A look at Watford’s turbulent managerial history under their current ownership
The club’s Italian owners, Gino Pozzo and his family, have gained a reputation for hiring and firing managers at will.
Claudio Ranieri has joined Watford’s long list of managerial sackings.
The club’s Italian owners, Gino Pozzo and his family, have gained a reputation for hiring and firing managers at will and Friday’s 3-0 defeat to Norwich saw Ranieri become the latest victim.
Here, the PA news agency looks at the club’s turbulent managerial history under their current ownership.
Ranieri’s reign
Ranieri is best remembered for leading Leicester to a shock Premier League title in 2016, just a season after they had survived a fraught relegation battle – but Fulham and now Watford have unsuccessfully chased the same magic since.
His time in charge of the Hornets brought just two wins – both memorable, with Everton dispatched 5-2 before a 4-1 victory over Manchester United ended Ole Gunnar Solskjaer’s Old Trafford reign.
Apart from those games, there was only one other in which Ranieri’s Watford scored more than once – a 4-2 defeat to his former club Leicester.
They scored 17 and conceded 34 goals under his guidance and lost 11 of his 14 games, with their seventh and final point coming courtesy of a late equaliser against Newcastle. Ranieri, meanwhile, has won 10 and lost 34 of 53 Premier League games since Leicester’s title win.
Constant change
Starting with Gianfranco Zola shortly after their takeover, Pozzo and family – along with chairman Scott Duxbury – have made 14 permanent managerial appointments in less than 10 years.

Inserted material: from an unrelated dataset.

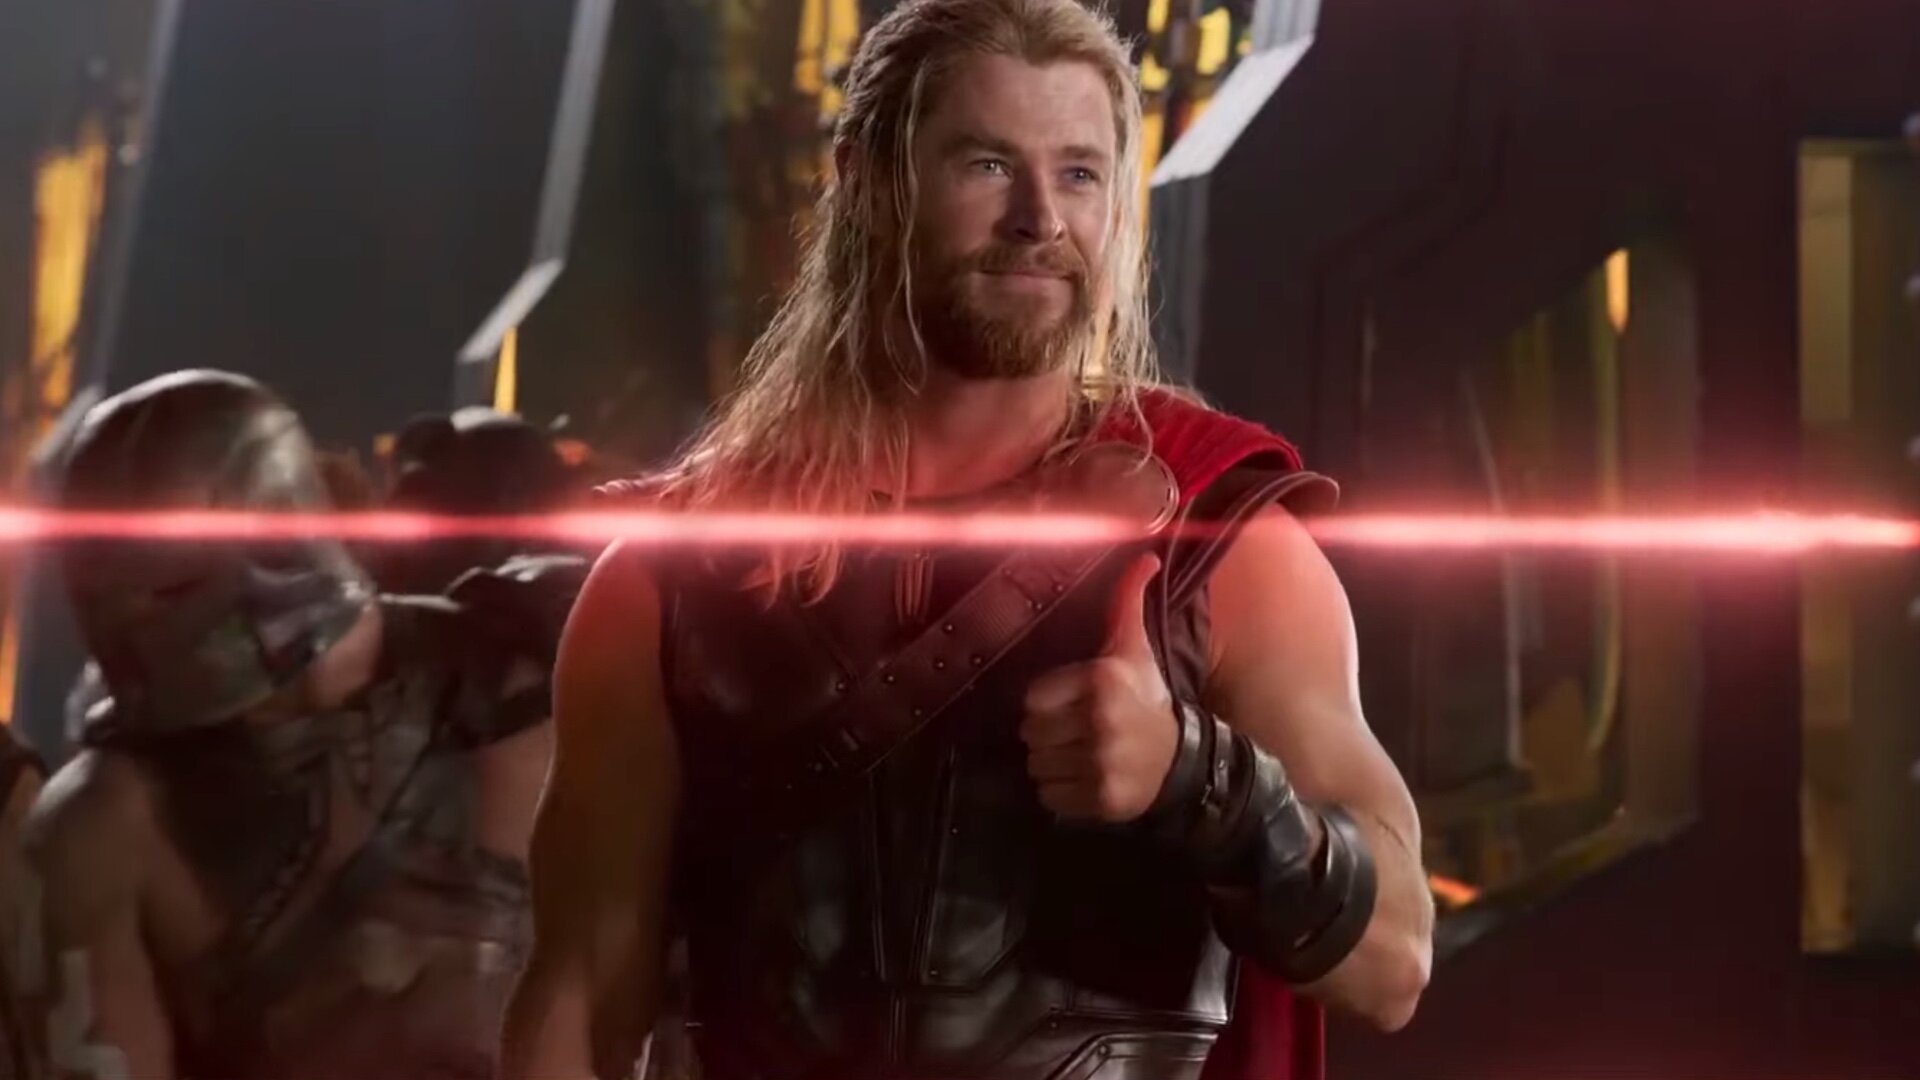 Chris Hemsworth acredita que a franquia de Thor precisa ser reinventada

That included three in 37 days in one madcap spell shortly after Pozzo took sole charge in 2014.
That was admittedly influenced by Oscar Garcia standing down due to ill health after just four games in charge, though the decision to appoint Billy McKinlay on a permanent basis and sack him two games – and four points – later was Pozzo’s alone.
No manager in their time in charge has matched Zola’s 75 games, with only he and Javi Gracia breaking through the half-century mark in a single spell – Quique Sanchez Flores was appointed twice, serving first for 44 games and then 12.
Win percentages are an imperfect measure of success in that time due to the difference between Premier League and Championship football. Slavisa Jokanovic and Xisco Munoz, as well as McKinlay, cracked 50 per cent but Gracia’s 37.9 per cent is the best record for a reign spent wholly in the top flight.
Beppe Sannino, Walter Mazzarri, Marco Silva, Nigel Pearson and Vladimir Ivic are the other managers to work under Pozzo, as well as two-time caretaker Hayden Mullins.
Sliding doors
One of the Pozzo family’s first acts after taking charge was to sack Sean Dyche in July 2012 in favour of Zola.
While they have cycled through managers at a dramatic rate since then, Dyche was appointed by Burnley less than four months later and remains in his post.
He has twice taken the Clarets up to the Premier League, in his second and fourth seasons in charge with a relegation in between, and has established them in the top flight until this season’s fight against the drop. So highly regarded is he in Burnley that a pub in the town – The Royal Dyche – is named in his honour.
Dyche is the longest-serving current Premier League manager, while in the EFL only Harrogate’s Simon Weaver – who spent 11 seasons with them in non-league before 2020’s promotion – and Wycombe’s Gareth Ainsworth have been in post longer.